= Mary Mayo =

American singer (1924–1985)

Mary Mayo (20 July 1924 - December 1985) was an American singer who was a member of The Hillside Singers and performed at New York City nightclubs including Michael's Pub and the Copacabana.

== Early life ==
Mayo was born in Statesville, North Carolina to Lois Long and Franklin Riker, both opera singers who had returned to Long's hometown to operate the Dixie Dame Co., which manufactured "pickles with a pedigree." She attended the Juilliard School, where she studied classical singing.

==Career==
In 1946 Mayo won a talent show run by Arthur Godfrey and worked for him briefly. After spending time performing at the Mount Royal Hotel in Montreal and alongside pianist Frankie Carle, she joined the Glenn Miller Orchestra where she was a "moonlight serenader" and performed solos.

While performing with Miller, she met and married composer Al Ham. Although the marriage was initially a secret due to a prohibition on marriages within the band, it became public after Walter Winchell broke the news.

Soon after her marriage, Mayo and Ham settled in New York, where Johnny Mercer heard a test recording of Mayo's performance of 'Blue Moon,' which led to a contract with Capitol Records.
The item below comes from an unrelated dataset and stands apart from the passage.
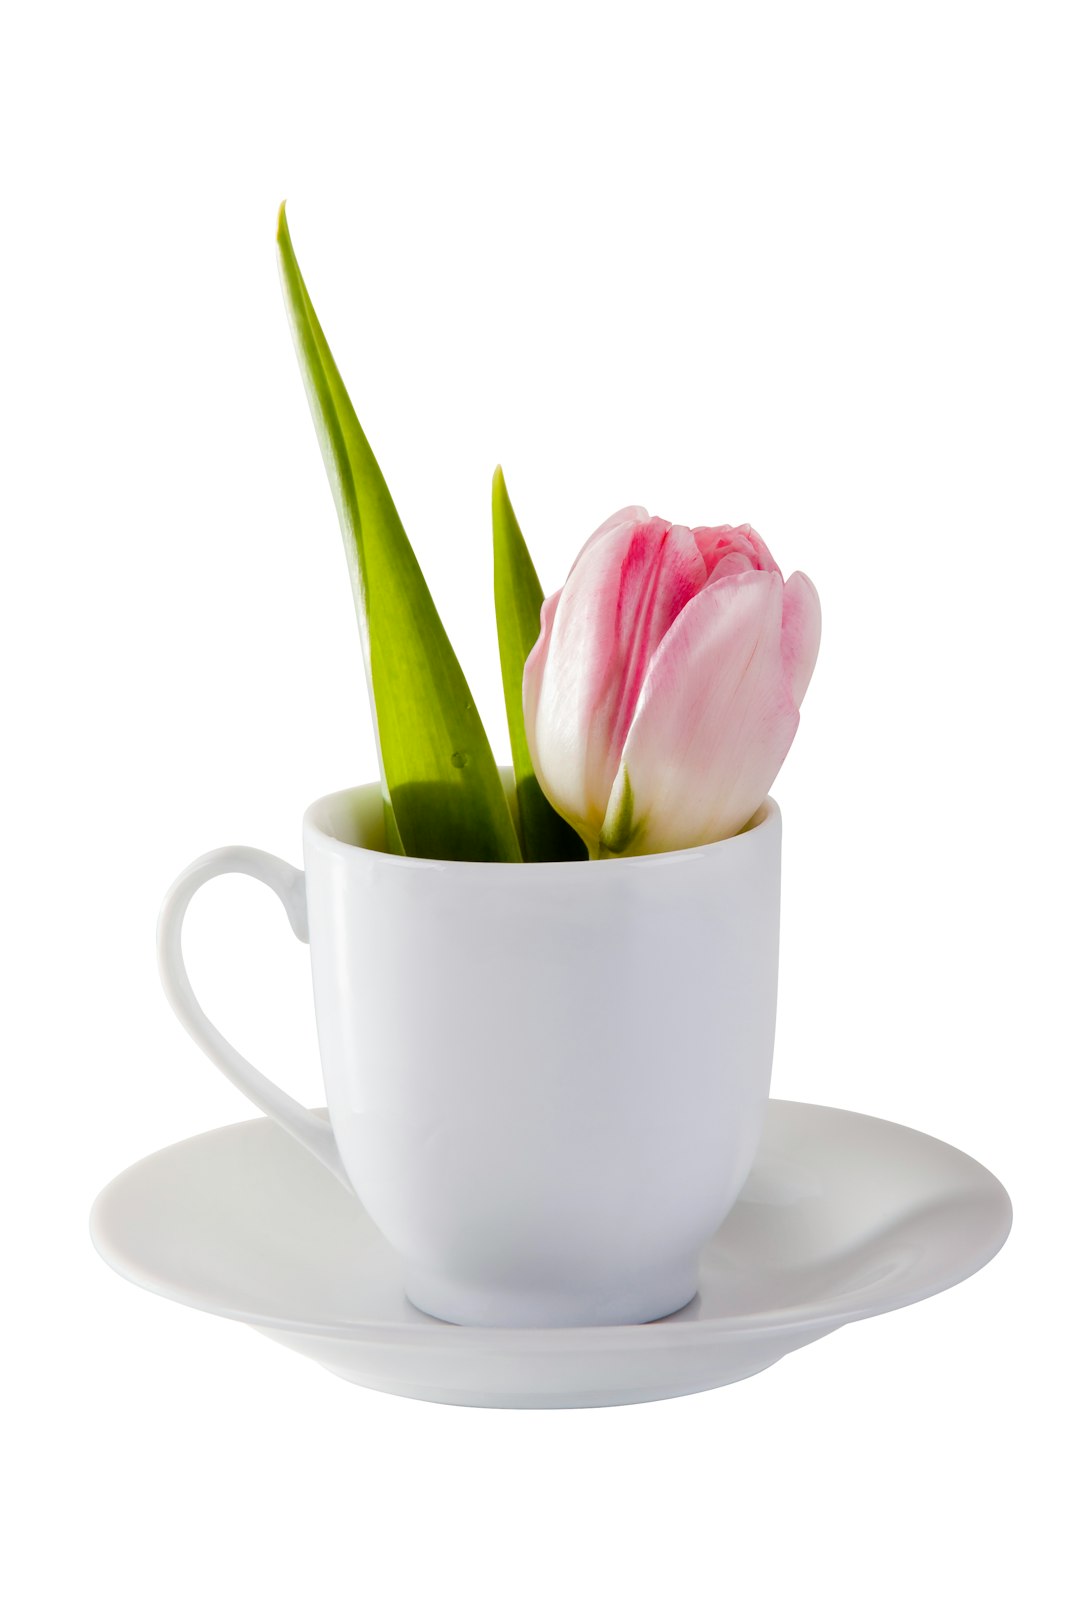 pink and white tulips in white ceramic teacup

She later signed on to perform with Frank Sinatra but was cut after four weeks.

Mayo stopped performing for a decade when her daughter Lorrie was born in 1956.
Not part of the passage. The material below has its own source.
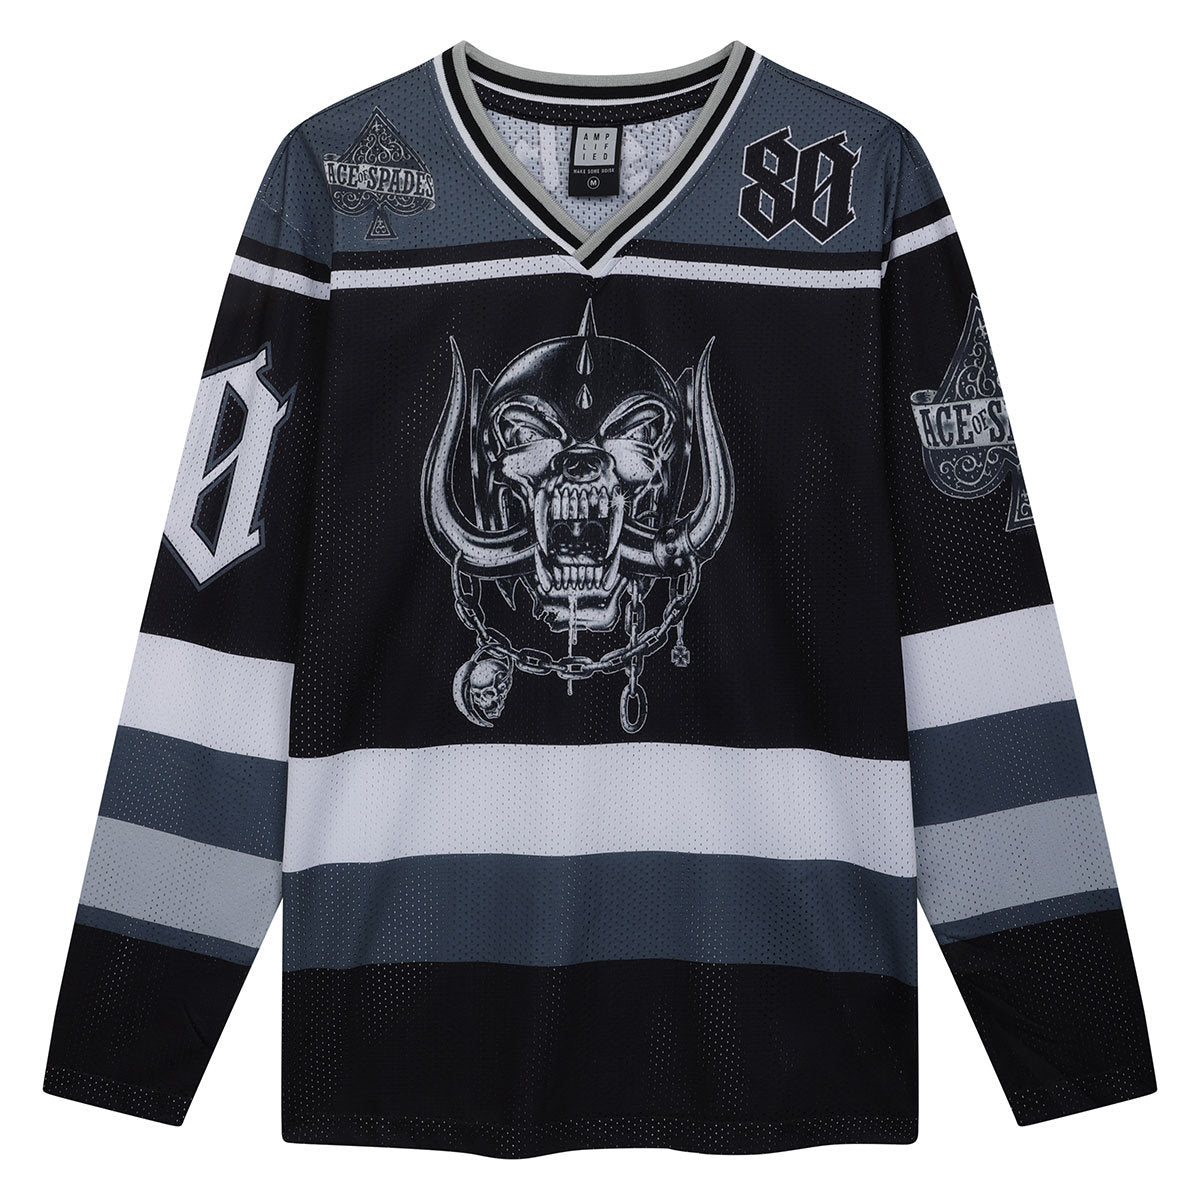 Amplified Motorhead Hockey Jersey - Official Licensed Product

She, along with her daughter, was a member of the Hillside Singers, an ensemble created by advertising agency McCann Erickson to sing the jingle "I'd Like to Teach the World to Sing (In Perfect Harmony)" in a 1971 television commercial for Coca-Cola. Following on the success of the ad, the group recorded a full album and Christmas album.

== Personal life ==
Mayo was married to composer Al Ham with whom she had a daughter, singer Lorri Ham. They later divorced. She died at St. Luke's Roosevelt Hospital Center in 1985 after a brief illness.